The data submission template is available here. Please MAKE A COPY before inputting your own data. You cannot enter data directly into the master copy of the template. Once completed, email or share your copy to klebsiella.genome.metadata@gmail.com.

The full list of metadata fields, value formats and options are shown in the tables below.

Fields with restricted vocabularies

Some fields have restricted vocabularies and/or require selection from a list of predefined data values. In most cases the list of possible values can be accessed and searched via a drop-down list within the submission template (also shown in the tables below, marked 'Choose from list') and only values matching those in the list will be accepted. However, in a minority of cases the possible set of values is derived from an established ontology that is too large for inclusion within the submission template. These fields are marked as, 'Controlled vocabulary,' with a link to the appropriate ontology e.g., NCBI taxonomy database or MeSH disease ontology.
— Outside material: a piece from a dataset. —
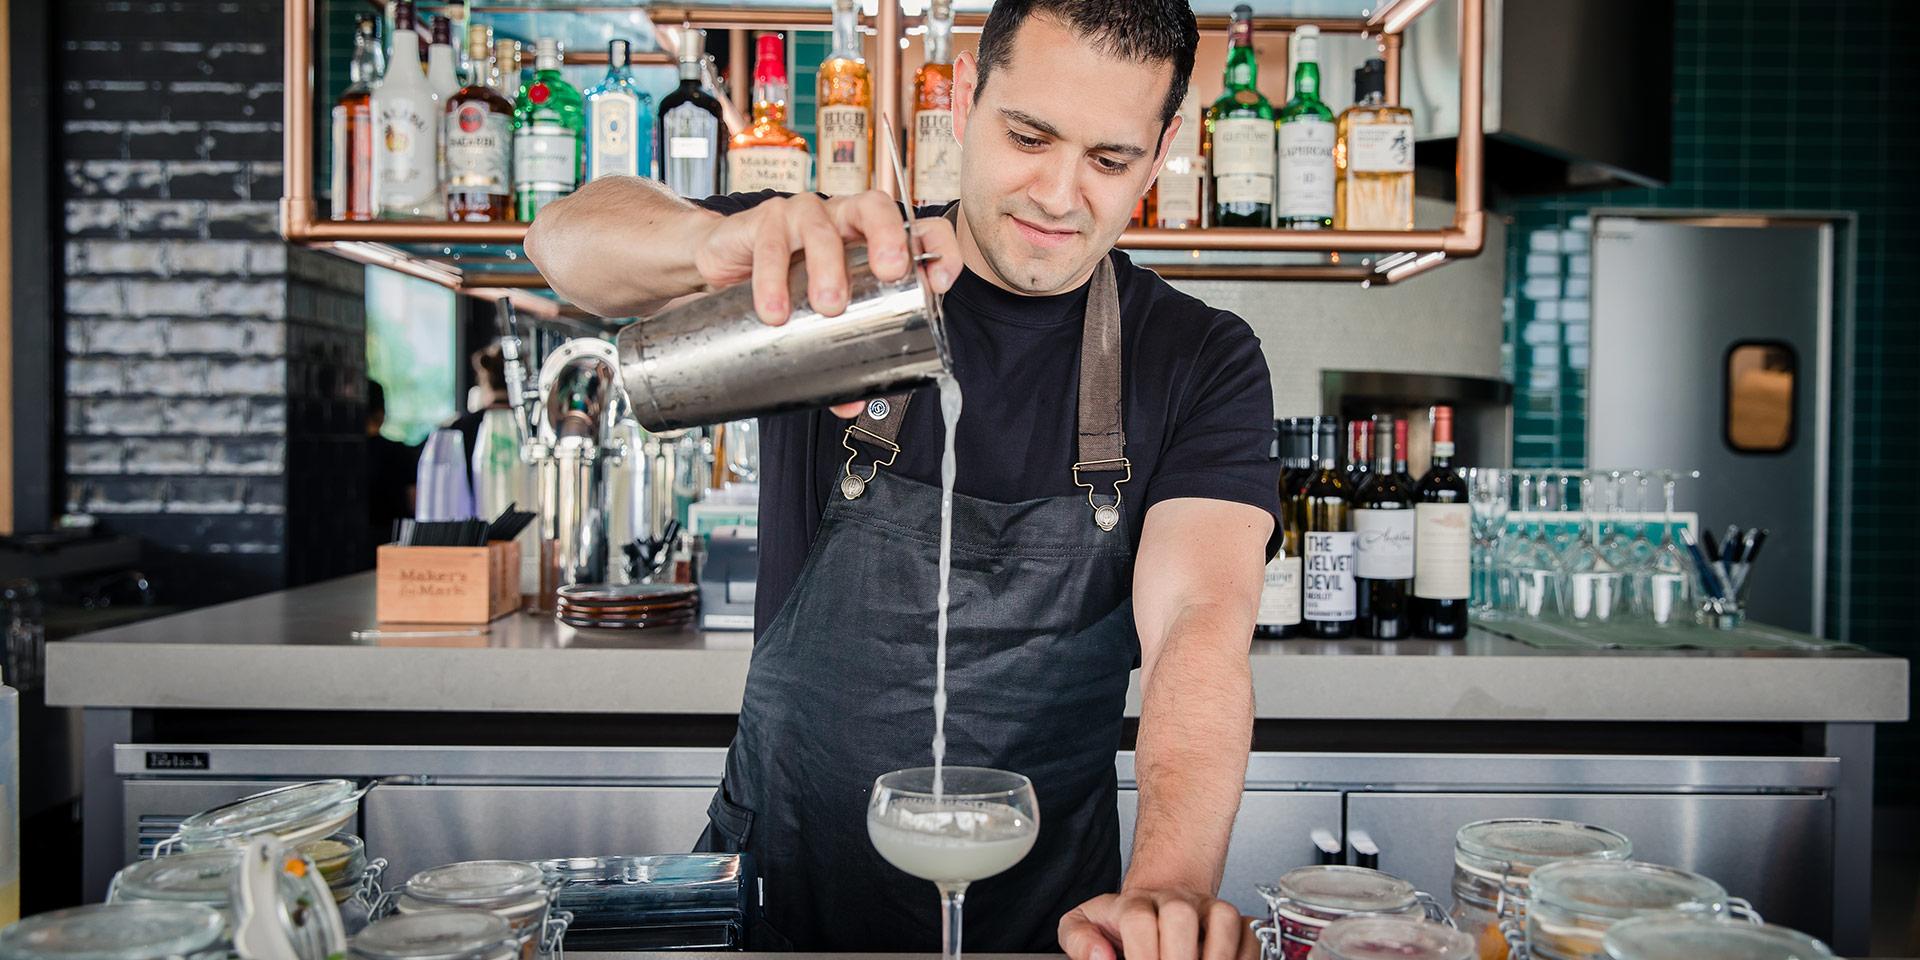 Bartender at an outdoor bar at a resort hotel

Fields with a list of suggested values

In some cases it is desirable to have a restricted vocabulary to support data harmonisation, but there are no appropriate predefined ontologies and too many foreseeable options to create a definitive list. In these cases, we provide a list of suggested values that we expect to capture the vast majority of scenarios, but also provide the option to enter alternative values as free text. These fields are marked in the tables below as 'Choose common values from the list, or if none are appropriate, enter free text'. The submission template includes a drop-down list of the suggested values, but will allow other values to be entered (these free text entries will be marked with warnings).

Isolate metadata

These data describe individual genome sequences and the bacterial isolates from which they were derived. Please complete one row per sequence (i.e., one set of sequence read data and/or a de novo assembly).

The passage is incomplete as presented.